In December 2021, and as part of the Minnesota launch of its Tools for the Trades program, which empowers students to pursue careers in the trades, Northern Tool + Equipment made a $5,000 donation to Woodbury High School’s career and technical education program. The donation included a JET floor-mount drill press, Klutch mini milling machine, Milwaukee panel saw, Bosch dual-bevel glide miter saw and an Exxo nail punch set.

“The donation is part of a larger program of supporting technical and trade programs across the country,” says Todd Allard, senior vice president of marketing.

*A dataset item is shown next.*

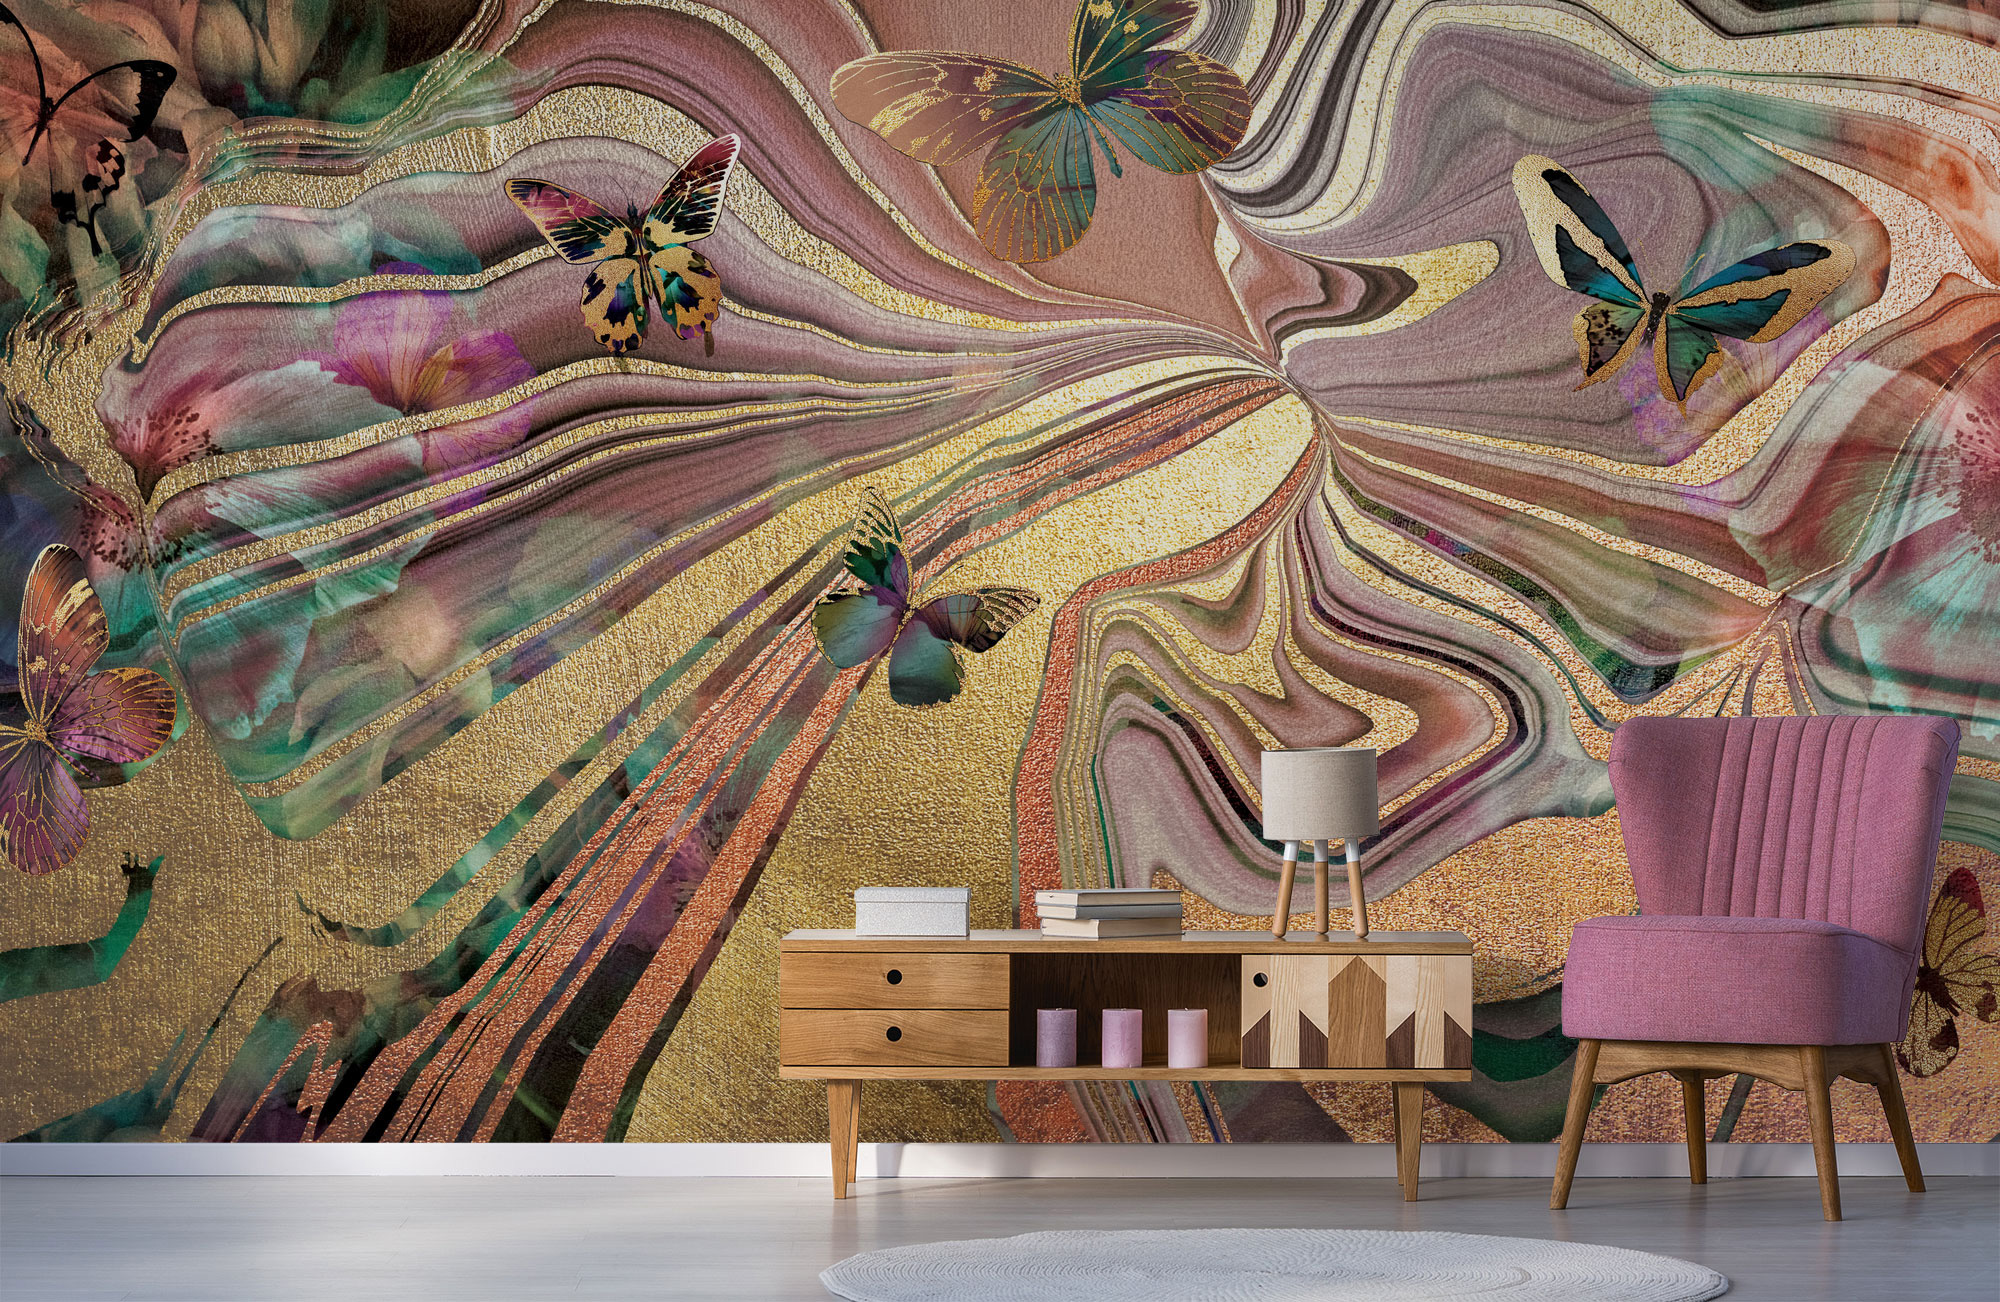 Bạn đang tìm kiếm mẫu giấy dán tường hoàn hảo cho ngôi nhà của mình? Nghệ sĩ Geode nổi tiếng đã mang lại nhiều thiết kế giấy dán tường mới và độc đáo để bạn tha hồ lựa chọn. Với sự kết hợp tuyệt vời giữa màu sắc và họa tiết, mỗi tấm giấy dán tường đều là một tác phẩm nghệ thuật.

In Minnesota, Northern Tool has made similar donations to Burnsville High School, Forest Lake High School, Minnetonka High School, Rogers High School and White Bear Lake High School.

The immediate result is to put professional-grade tools into the hands of learning students. End results might be bigger.

“In the United States, 2.4 million skills jobs are going unfilled,” says Allard. “That’s becoming more problematic
as [baby] boomers are stepping away.”

Notice the difficulty in finding someone to replace a deck, remodel a kitchen or run new wiring? How about building a house? Programs like the ones found in Woodbury’s technical education department are hammering away at those problems, as are apprenticeships and experiences.

In a video highlighting the Northern Tools donation, instructor Amanda Davis expressed the school’s gratitude by saying that she’s thrilled with the partnership and that Northern Tool’s generosity will make a difference in 100s of kids’ lives every year.

“It’s just amazing,” she says. Davis went on the say that kids are finding their spot in the trades and in the hands-on-learning they do in Woodbury’s tech ed department. One student says that she loves her class and that it gives her
a hands-on-experience for what she ultimately wants to do, auto collision repair. This didn’t surprise Allard in the least. “Our audience is 40 percent girls and women,” he says.

Lastly, the students at the donation announcement received Northern Tool + Equipment gift cards. “It adds to the event,” says Allard. Most likely, it adds to their work benches, tool boxes and tool belts, too.